CITIZEN トゥールビヨンY01実機を見る~製作哲学に”和”を極めたトゥールビヨン!

 By : KITAMURA(a-ls)

本サイトでもすでに既報だが、各所でかなりの話題を呼んでいるシチズン トゥールビヨン Y01。
先週の土曜、大丸東京店で開催された発表記念トークショーで、その実機を見てきた。



といっても取材の扱いではなく、快晴の週末に買い物でもしようかと東京駅あたりのデパートをぶらぶらしていたら、なんか人混みがあったので、ちょっと覗いてみました・・・という体での参加なので(笑)、しかも時間ギリギリに伺ったので、注意事項を聞き洩らしたようで、トークショウ中の写真を撮っていたら、「お客様、撮影はちょっと!」と、(たぶん)大丸の方に小声でたしなめられたりで(笑)、「えろぅ、すいません」的に平伏しつつの、苦労の末のこのブログ記事なのだ。
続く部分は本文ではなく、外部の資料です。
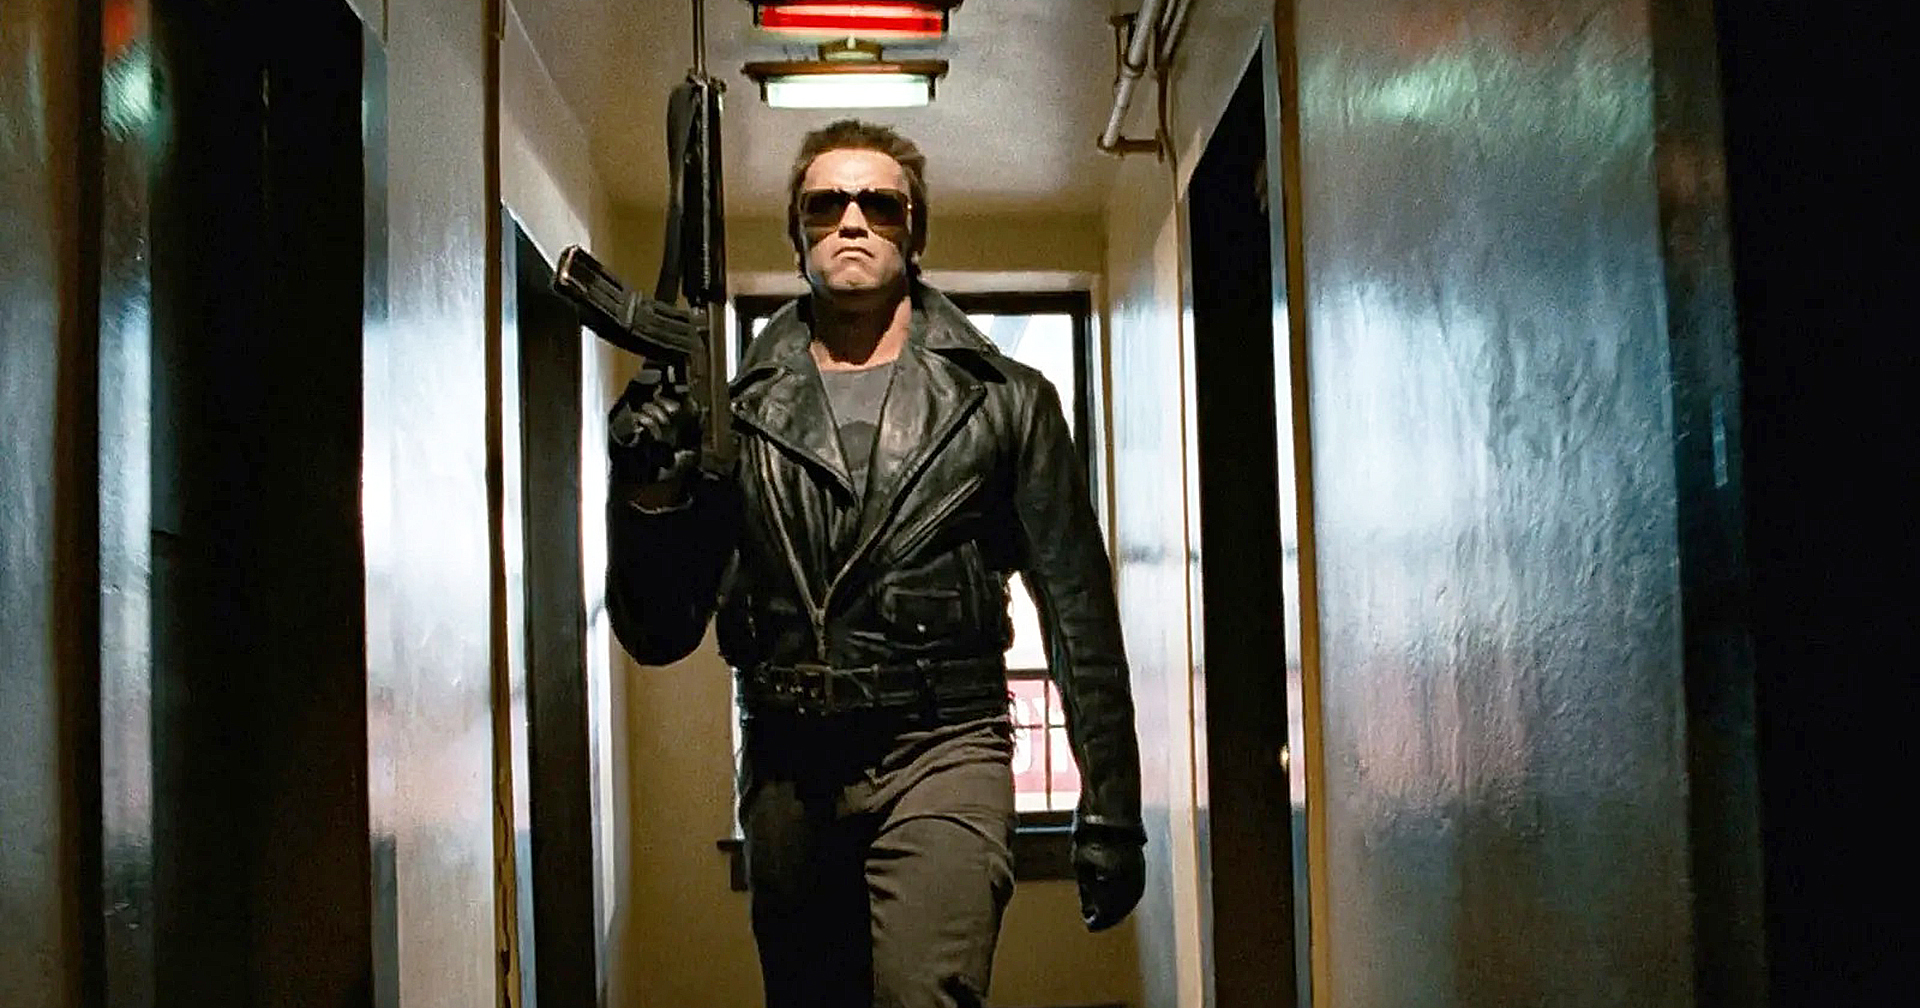 James Cameron เผย จะไม่กำกับหนังอย่าง ‘The Terminator’ แน่ ถ้าอยู่ในยุคนี้

このトゥールビヨンの成り立ち(詳しくはこちら参照→ https://watch-media-online.com/news/723/ )が説明されたのちに、シチズン時計開発部の小野義樹氏と「クロノス日本版」副編集長の鈴木幸也氏によるトーショーがスタート。

まず鈴木氏から、トゥールビヨンの歴史、機構、展望などについて解かりやす解説があり、そして小野氏との対談形式で、いよいよこのY01の設計哲学などについて語られていく。

小野氏は2010年以降、機械式時計の試作品のデザイン・設計から、加工・装飾・組み立てを行いながら企画構想をまとめるプロトタイピストをされており、製品化はされていないが、実は2014年にトゥールビヨンのムーブのみを試作・発表していて、その面での経験値はすでに積まれていたのである。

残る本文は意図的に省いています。